Datées de janvier 1450, ces lettres offrent un éclairage rare sur les tensions entre zèle inquisitorial et diplomatie pontificale, tout en révélant les liens financiers et politiques qui unissaient les deux hommes. Leur contenu, d’un intérêt historique certain, éclaire à la fois la disgrâce brutale du prélat et la prudente realpolitik du monarque portugais.

Lettre du Cardinal von Erlichshausen à Henri, Roi du Portugal :

Janvier 1450.

Les froids ecclésiastiques d’un hiver romain me transpercent plus sûrement que les lames des infidèles que j’ai combattus pour la plus grande gloire de Dieu. La pourpre que j’ai portée si longtemps pèse désormais plus lourd qu’un linceul.

Hier encore, je présidais les offices de la Nativité, auréolé de chants et d’encens ; aujourd’hui, je n’ai pour compagnie que le silence d’une cellule humide où l’on m’a relégué comme un criminel.

Ils ont osé me briser. Moi, le Marteau des hérétiques.

Je revois encore la scène de ma déchéance, survenue il y a quelques heures seulement. Dans la salle glacée du consistoire, sous la lumière blafarde d’un soleil d’hiver, le pontife siégeait entouré de prélats dont les visages, hier encore serviles, se sont soudain durcis comme des masques de pierre.

On me fit avancer seul, dépouillé de mes gardes, de mes assesseurs, de tout ce qui faisait ma dignité. Un greffier lut la sentence : abus de pouvoir, excès dans l’usage de la question, atteintes aux prérogatives des évêques diocésains. Ils évoquèrent les plaintes des familles, les cris des innocents mêlés aux coupables, comme si l’hérésie faisait la différence entre l’un et l’autre.

On me reproche mes grands bûchers purificateurs. Simplement parce qu’un jour près de deux cents âmes corrompues furent livrées au bras séculier en une seule journée de printemps. Mais qui, sinon moi, eut le courage d’agir lorsque les évêques tremblaient derrière leurs murailles ? J’ai nettoyé, terrifié, traqué le vice jusque dans le secret des consciences.
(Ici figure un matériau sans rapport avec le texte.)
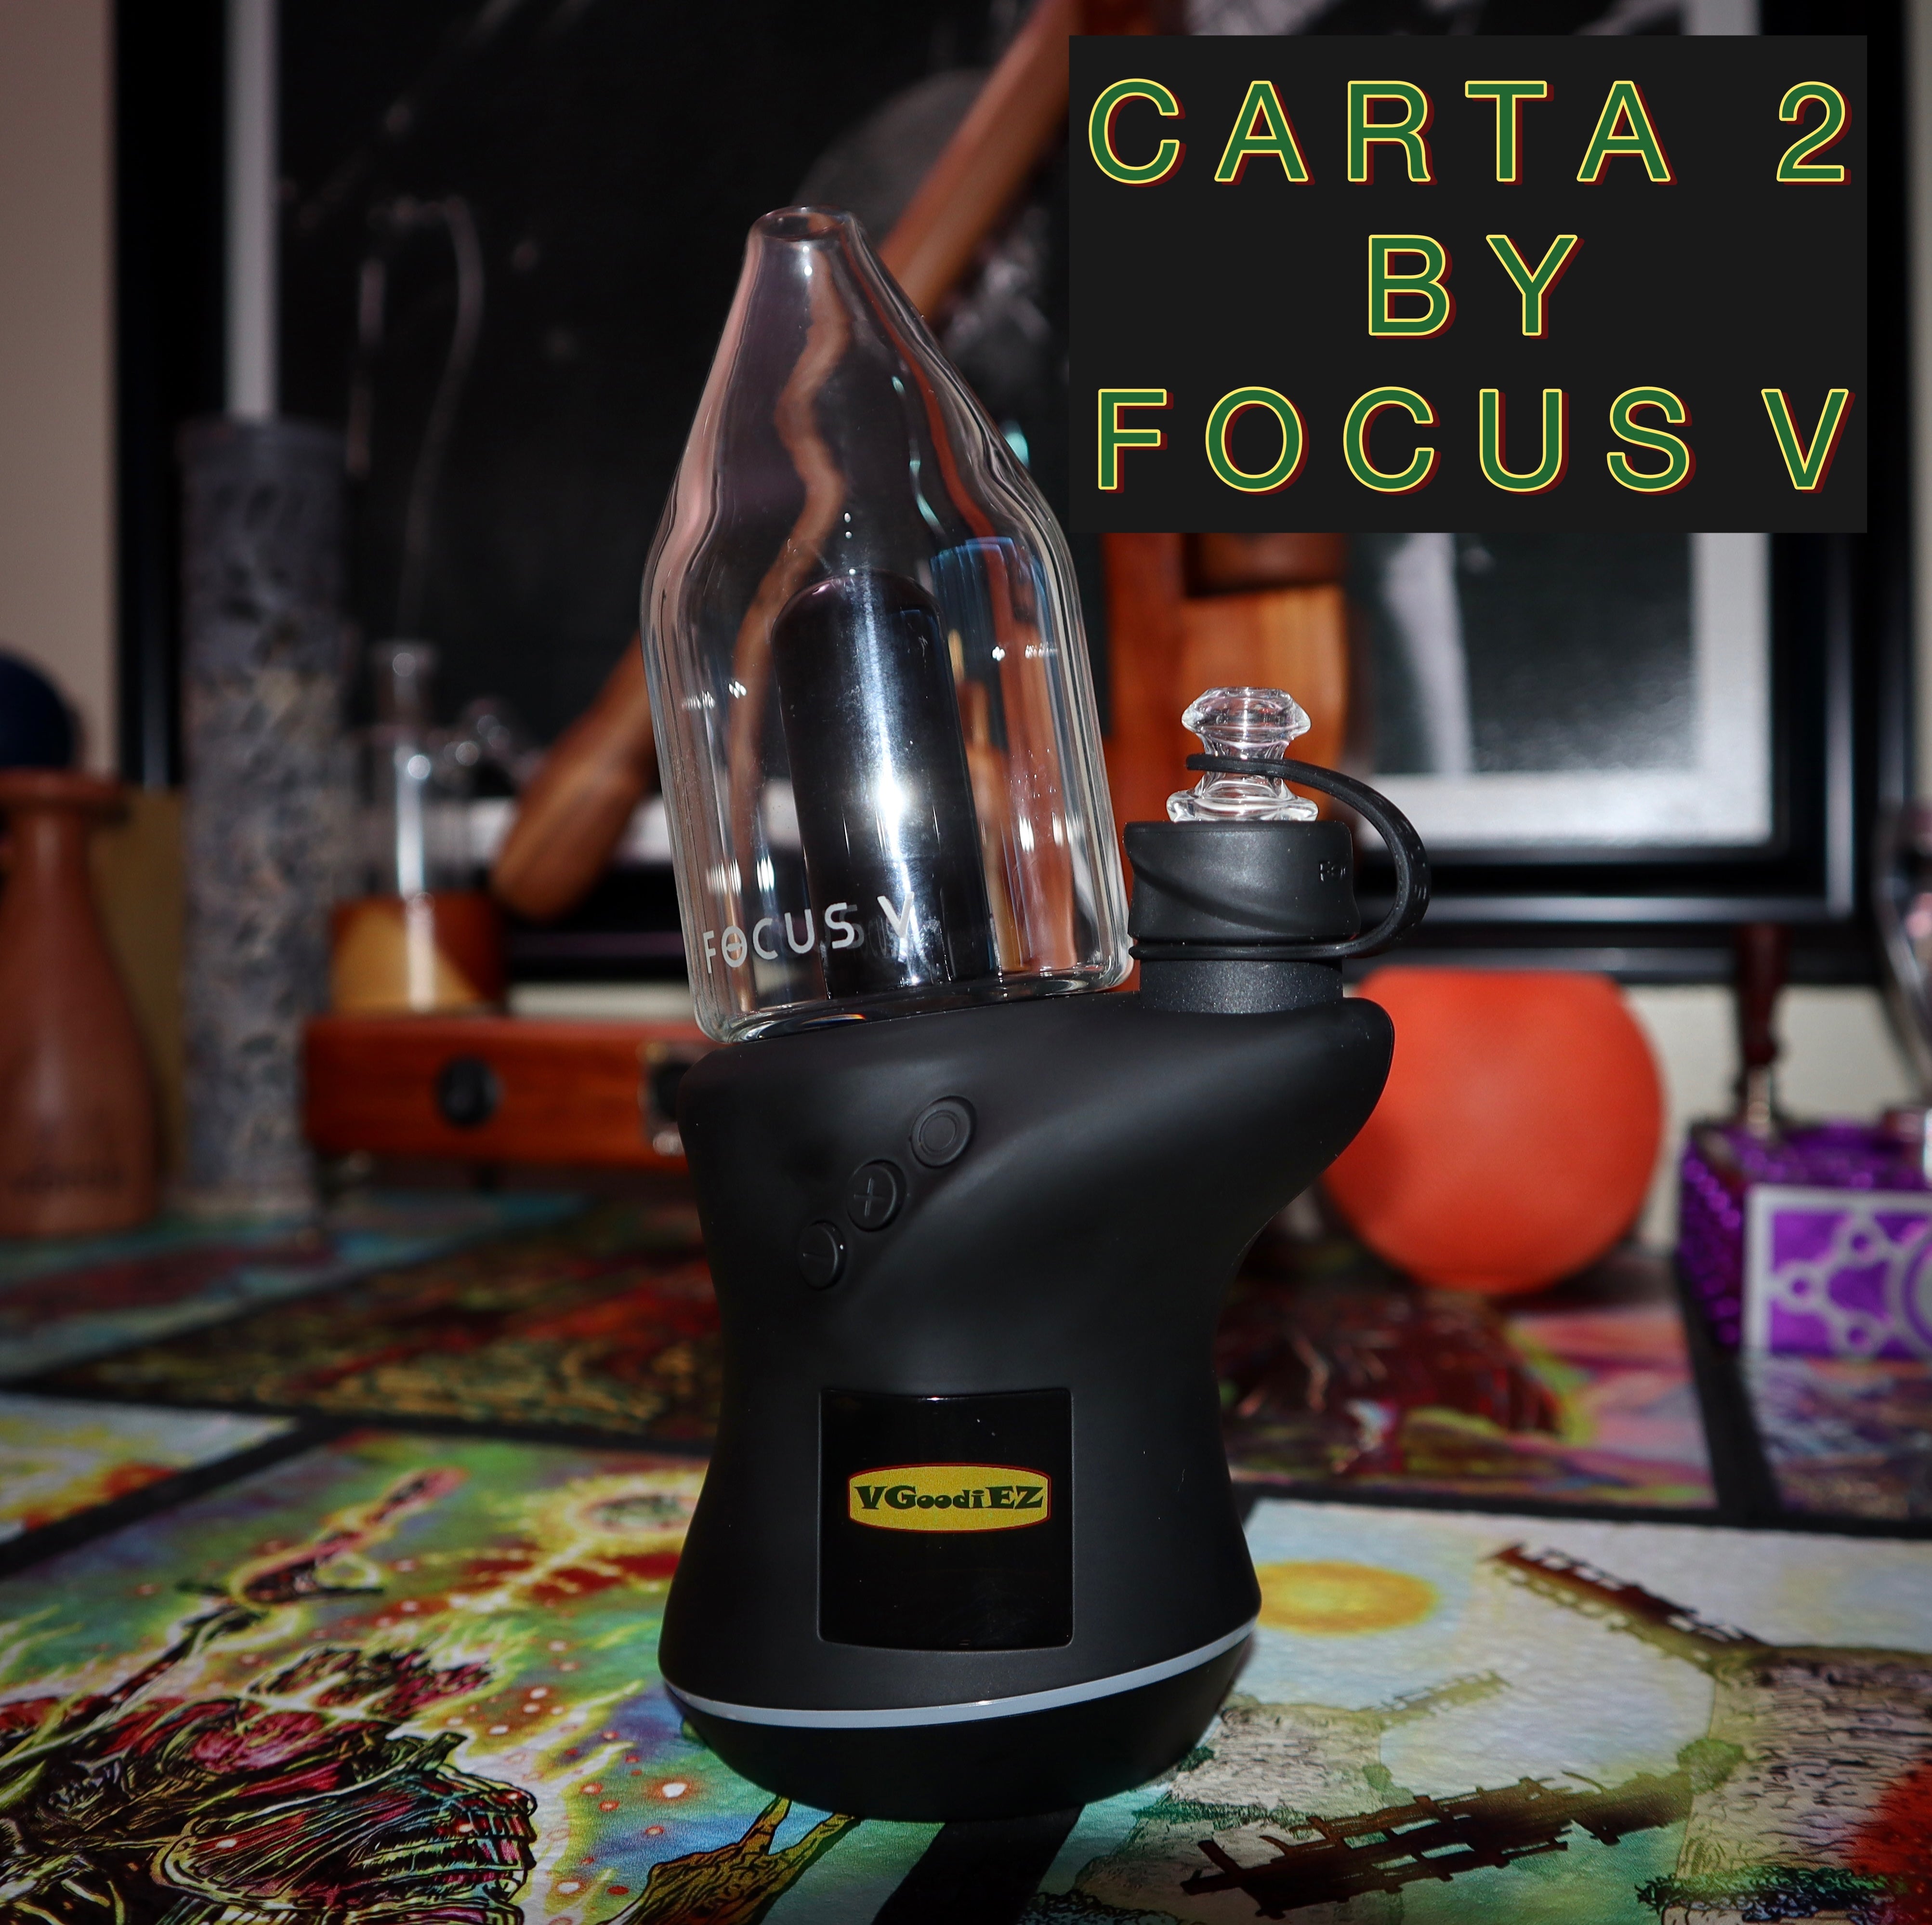 The CARTA 2 by Focus V

Puis vint le geste de la honte : On m’ordonna de retirer mon chapeau cardinalice. Mes mains tremblaient, non de peur, mais de rage contenue. Aucun d’eux n’osa détourner le regard. Ils savouraient ma chute.

Et pourtant, qu’ai-je fait sinon servir ? J’ai purifié. J’ai traqué le vice jusque dans les consciences. J’ai imposé la dénonciation du mal, car celui qui se tait devient complice. Oui, j’ai ordonné la torture. Instrument de miséricorde destiné à sauver les âmes avant qu’elles ne sombrent dans l’éternité des flammes. J’ai chassé les prêtres concubins, restauré la pauvreté des ordres, brisé les compromissions. Et surtout, que Votre Altesse s’en souvienne, j’ai vendu mes terres pour armer des navires, afin que vos capitaines puissent porter la croix au-delà des colonnes d’Hercule. J’ai soutenu vos projets contre l’infidèle, vos explorations hardies, vos rêves d’un monde élargi où la foi chrétienne s’étendrait comme une aurore nouvelle.
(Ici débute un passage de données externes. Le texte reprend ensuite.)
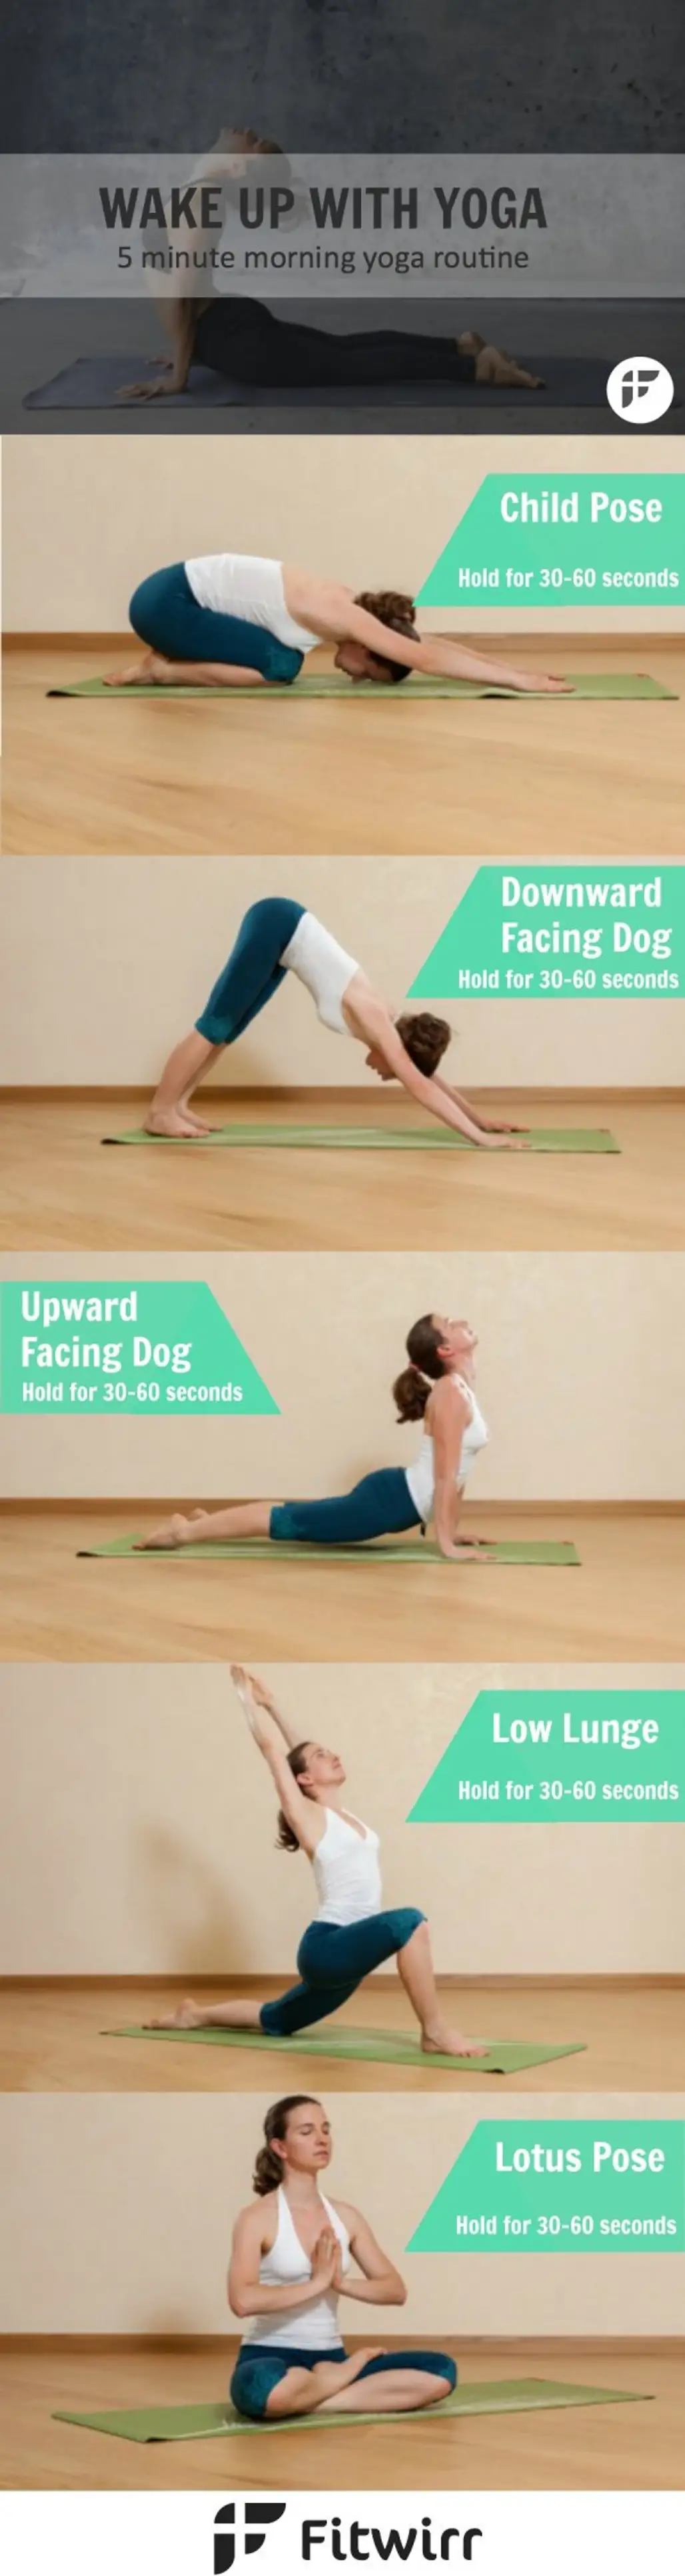 5-Minute Morning Yoga Routine

Aujourd’hui, me voici seul, dépouillé, trahi par des évêques jaloux de mon zèle et effrayés par la vigueur de ma foi. Ils ont confondu ma sainte colère avec de la cruauté. Ils veulent effacer mon nom, confisquer mes biens, m’enterrer vivant dans le silence.

C’est pourquoi je vous écris, Très Haut Seigneur Henri, vous dont la mémoire est fidèle, vous dont la parole n’a jamais vacillé. Je ne vous demande ni vengeance ni faveur indue. Je vous demande seulement asile. Car un homme tel que moi, formé à la discipline, à la rigueur, à la lutte contre l’infidèle, ne doit pas finir dans l’ombre d’un cachot. Je puis encore servir. Je puis encore frapper. Je puis encore purifier.

Si Rome me rejette, alors peut-être le Portugal saura-t-il reconnaître la valeur d’un bras qui n’a jamais tremblé.

Je vous ai aidé autrefois. Aidez-moi aujou…

Malheureusement, la fin de la lettre ne nous est pas parvenue, mais, comme dit précédemment, nous avons trouvé la réponse du monarque portugais après plusieurs mois de recherches. Nous ignorons si d'autres lettres furent échangées, mais nous poursuivons nos recherches. L'un des faits connus avec certitude, c'est que le Cardinal déchu a totalement disparu après l'année 1450.

Réponse d’Henri, Roi du Portugal, au Cardinal von Erlichshausen [Date exacte inconnue]

Écrite à Lagos, en l’an de grâce 1450

À mon très cher ami, Von Erlichshausen, à jamais cardinal de cœur de la Sainte Église et serviteur de notre seigneur, qui n’est que miséricorde, acceptation et pardon.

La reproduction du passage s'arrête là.